Обычно около шести мама выходила и принималась наводить порядок в доме, если можно назвать наведением порядка то, что она чуть-чуть сдвигала какую-нибудь безделушку или расправляла кружевную салфетку под вазой. Потом шла на кухню, перемывала оставшуюся после обеда посуду, которую у нее не было сил вымыть сразу, и начинала не торопясь готовить ужин – все равно других занятий на вечер у нее не было; Томмазо возвращался не раньше десяти, его кормили супом в богадельне, где он ухаживал за больным братом; эти сиделки взваливают на него свою работу, возмущалась мама, а он и рад, как будто ему делают невесть какое одолжение.

Больше всего мы любили вечера, когда можно было хоть немного побыть с мамой – не то чтобы она с нами разговаривала, но даже несколько слов были для нас несказанной радостью. А еще вечерами нам позволялось даже послушать по радио легкую музыку, конечно негромко, но все же мама не могла устоять перед умоляющим голоском Нены: мамочка, ну пожалуйста, ну хоть капельку музыки, – и не переключала на другую программу. Я же предпочитал слушать одного обозревателя, который рассказывал обо всем, что делается мире, так и сыпал названиями из моего учебника географии – ах, как это было интересно! Сегодня в Париже, говорил он, генерал де Голль начинает серию консультаций по Суэцкой проблеме... я закрывал глаза и видел стройную, будто кружевную, Эйфелеву башню, пирамиды и сфинкса с лицом, изъеденным веками и суховеями.

Потом я долго не мог уснуть. Лежал на кровати, уставясь в темный проем окна и прислушиваясь к ровному дыханию спящей Нены. Перед сном мама обязательно заглядывала к нам в спальню, потому что Белафонте повадился прятаться под Нениной кроватью, а на ночь устраивался, свернувшись клубочком у нее в ногах, против чего мама очень возражала – говорила, что это негигиенично. Но Белафонте быстро сообразил, как ее обхитрить, и вылезал теперь из-под кровати, только когда в доме все стихало. При всей моей неприязни к Белафонте я его не выдавал, понимая, что Нене было бы без него слишком одиноко. Итак, Нена спала, Белафонте мурлыкал и скреб когтями по простыне, а я лежал в темноте и слушал далекие гудки составов, выезжающих из города.

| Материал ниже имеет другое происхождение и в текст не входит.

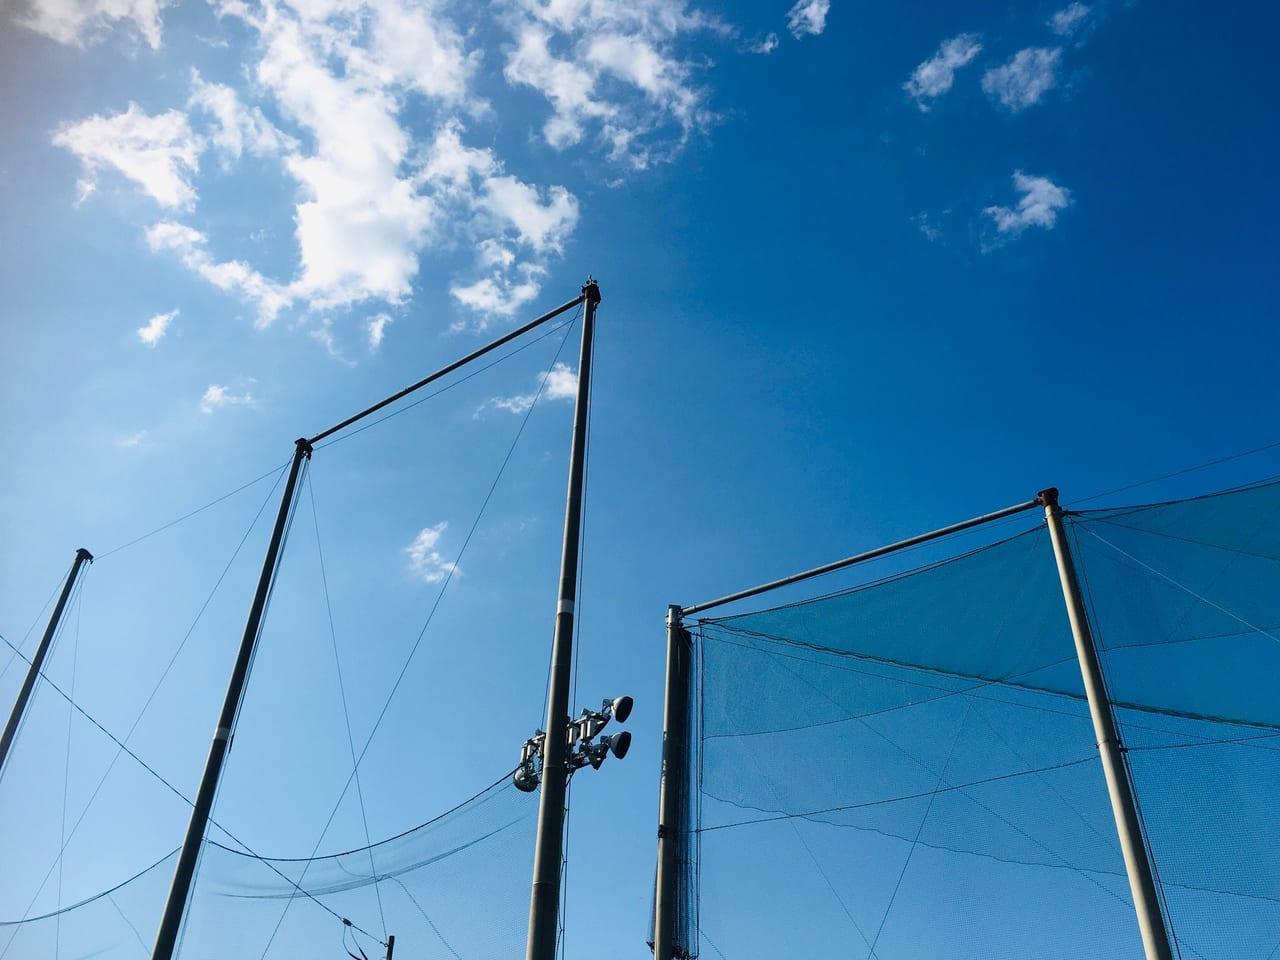 高校 三重 野球 テレビ 一般財団法人 三重県高等学校野球連盟

Часто я воображал, что уезжаю. Я воображал, что и сам под покровом ночи впрыгиваю в один из этих поездов, когда он замедляет ход из-за ремонта железнодорожного полотна. Весь мой багаж – часы со светящимися стрелками да учебник географии. Вагонные коридоры устланы мягкими коврами, в купе сиденья, обитые красным бархатом, подголовники в белых полотняных чехлах, приятно пахнет табаком и штофом, пассажиров мало, и те уже спят в свете голубоватых ночников. Я устраиваюсь в пустом купе, открываю учебник и решаю отправиться в одно из мест, изображенных на фотографиях, иногда это la ville lumière[93]93
  Город в огнях (франц.).


[Закрыть]
с высоты собора Парижской богоматери, иногда афинский Парфенон на закате, но больше всего меня привлекает оживленный сингапурский порт, где люди в конусообразных шляпах катят на фоне самых причудливых строений. Просыпался я в рассветной духоте; первые лучи солнца, пробиваясь сквозь планки ставен, вычерчивали на полу желтоватую лесенку, косо взбиравшуюся по бахроме Нениного покрывала.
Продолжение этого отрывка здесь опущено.